Information shown ▸
^^^^^^^^^^^^^^^^
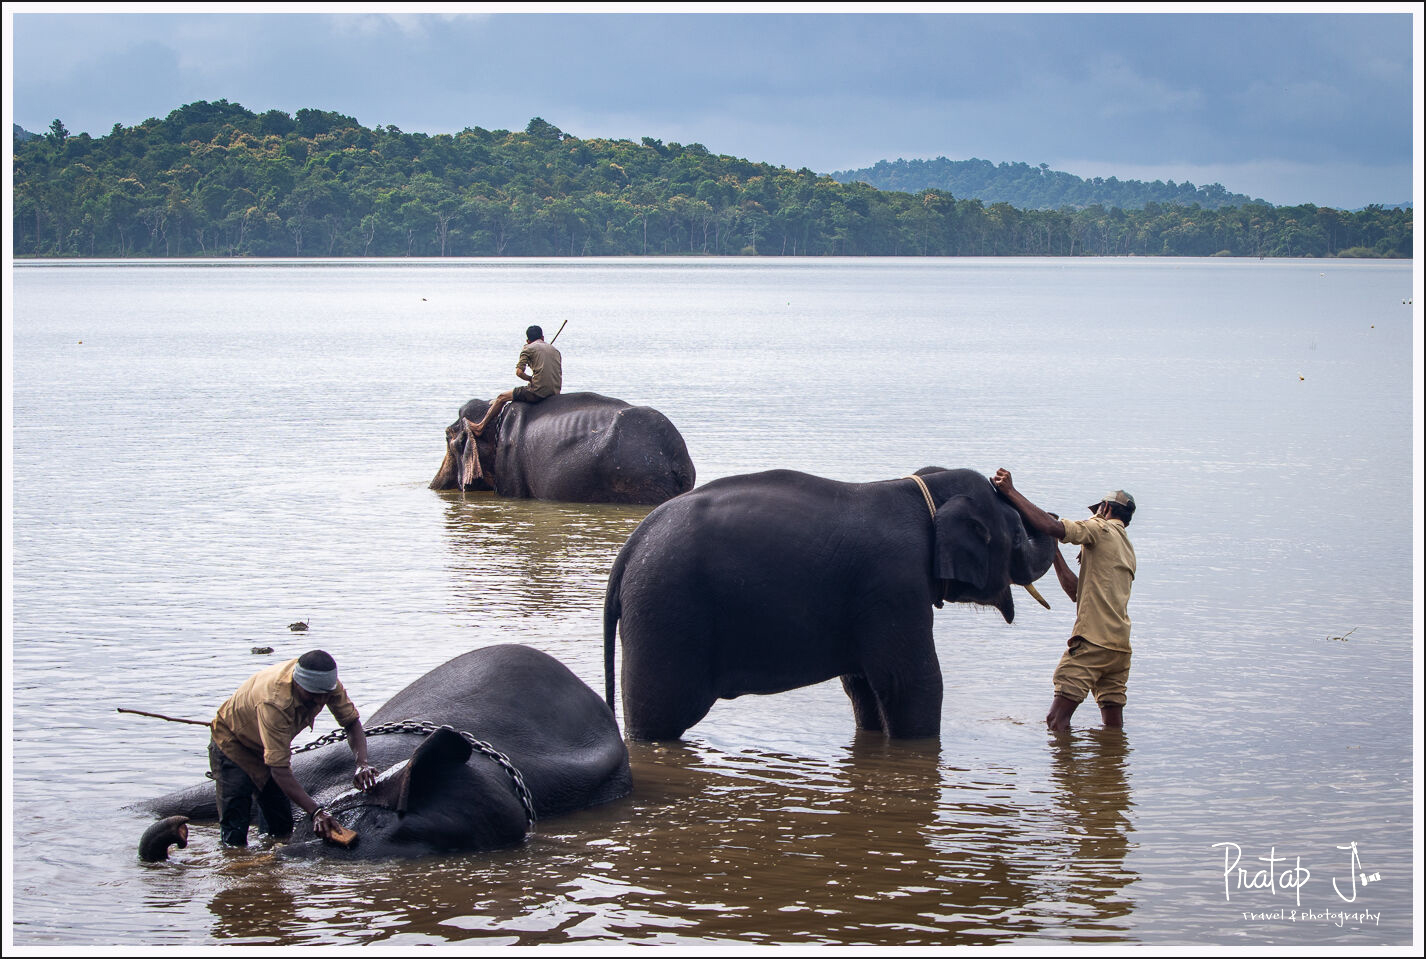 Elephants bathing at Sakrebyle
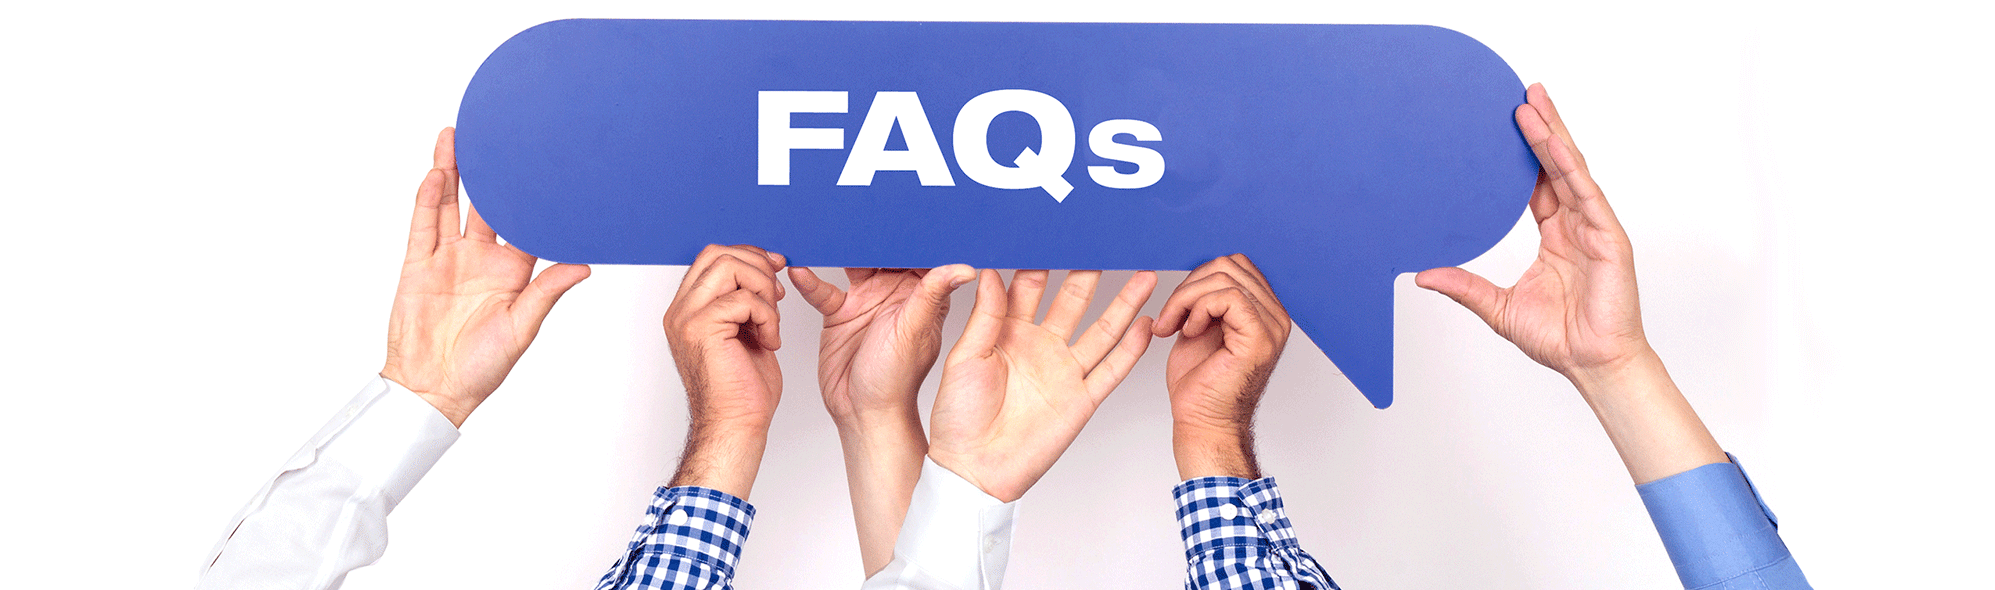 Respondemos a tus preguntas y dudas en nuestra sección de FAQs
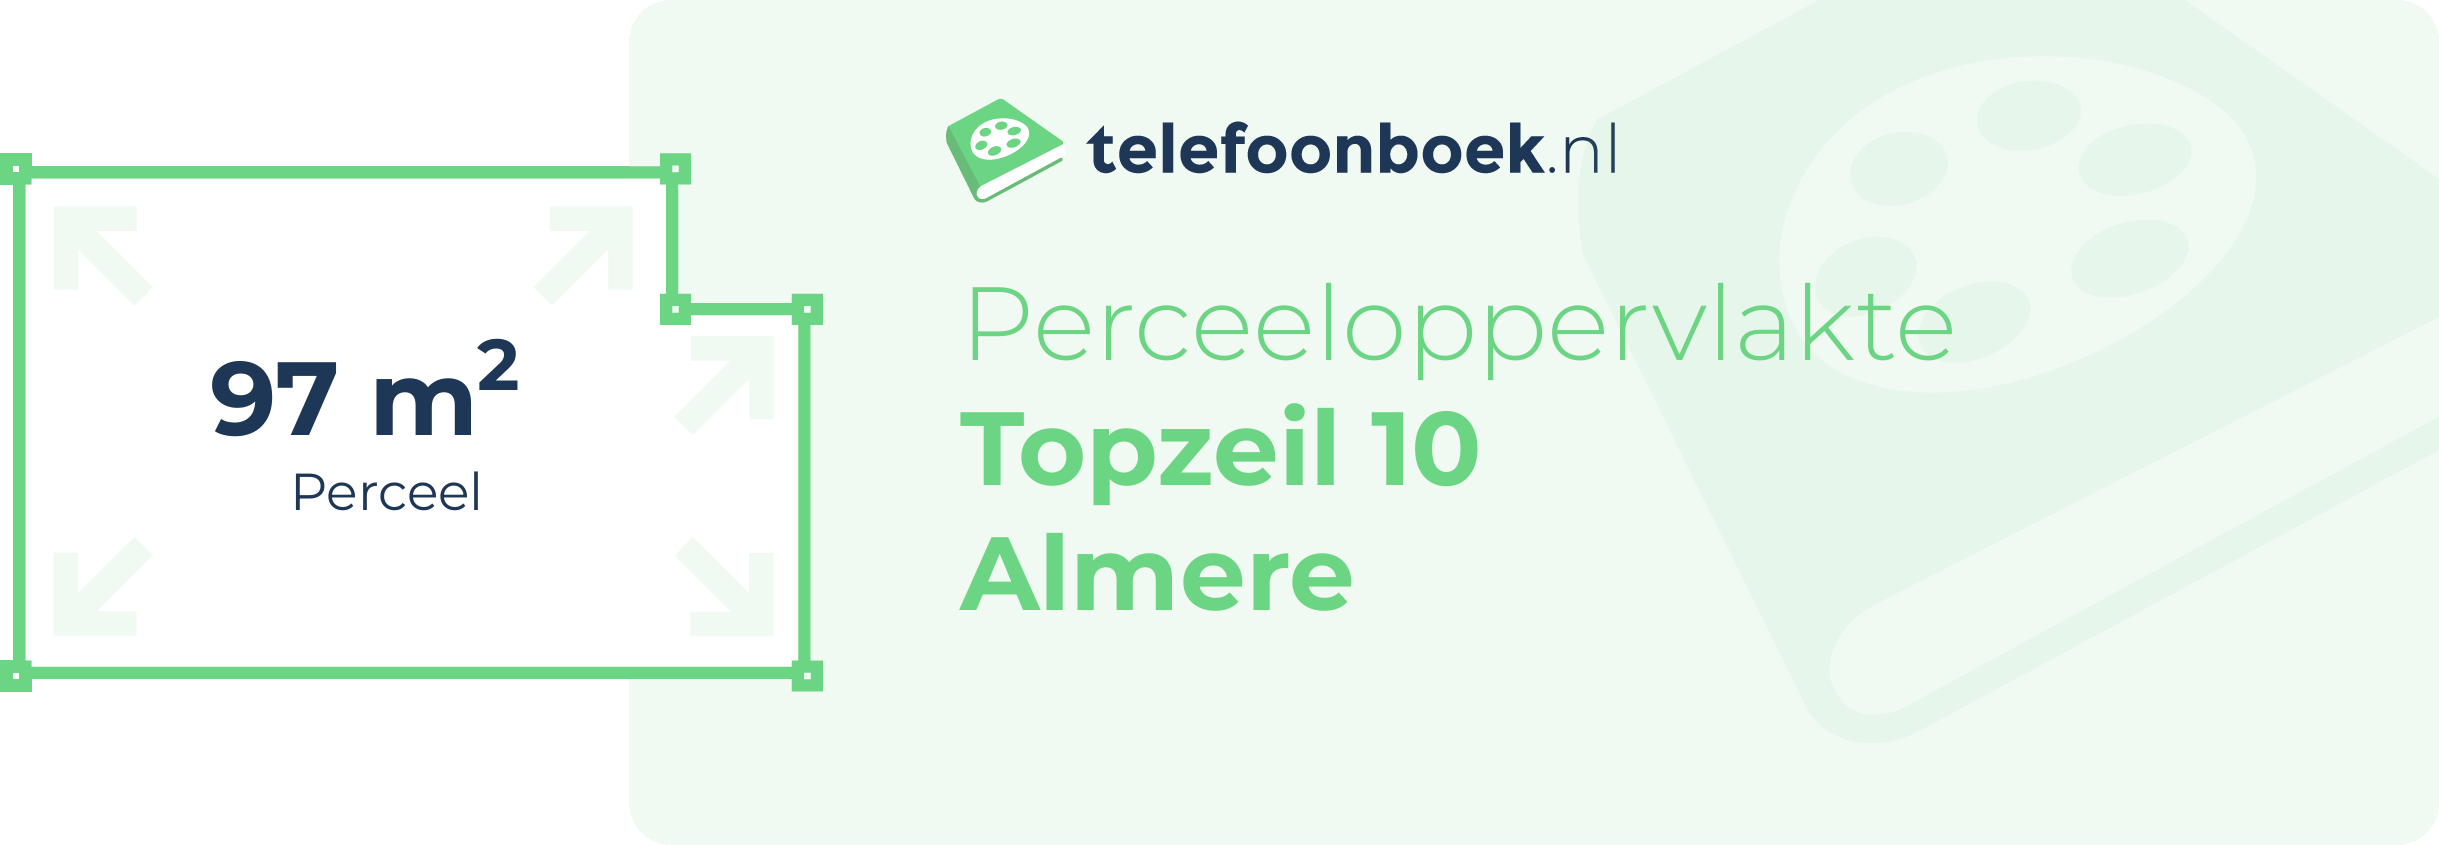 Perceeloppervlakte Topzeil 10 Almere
^^^^^^^^^^^^^^^^
Activity ▸
Without copying any picture, write out all of the material exactly as it reads.

Exercise result ▸
 Elephants bathing at Sakrebyle
 Respondemos a tus preguntas y dudas en nuestra sección de FAQs
 Perceeloppervlakte Topzeil 10 Almere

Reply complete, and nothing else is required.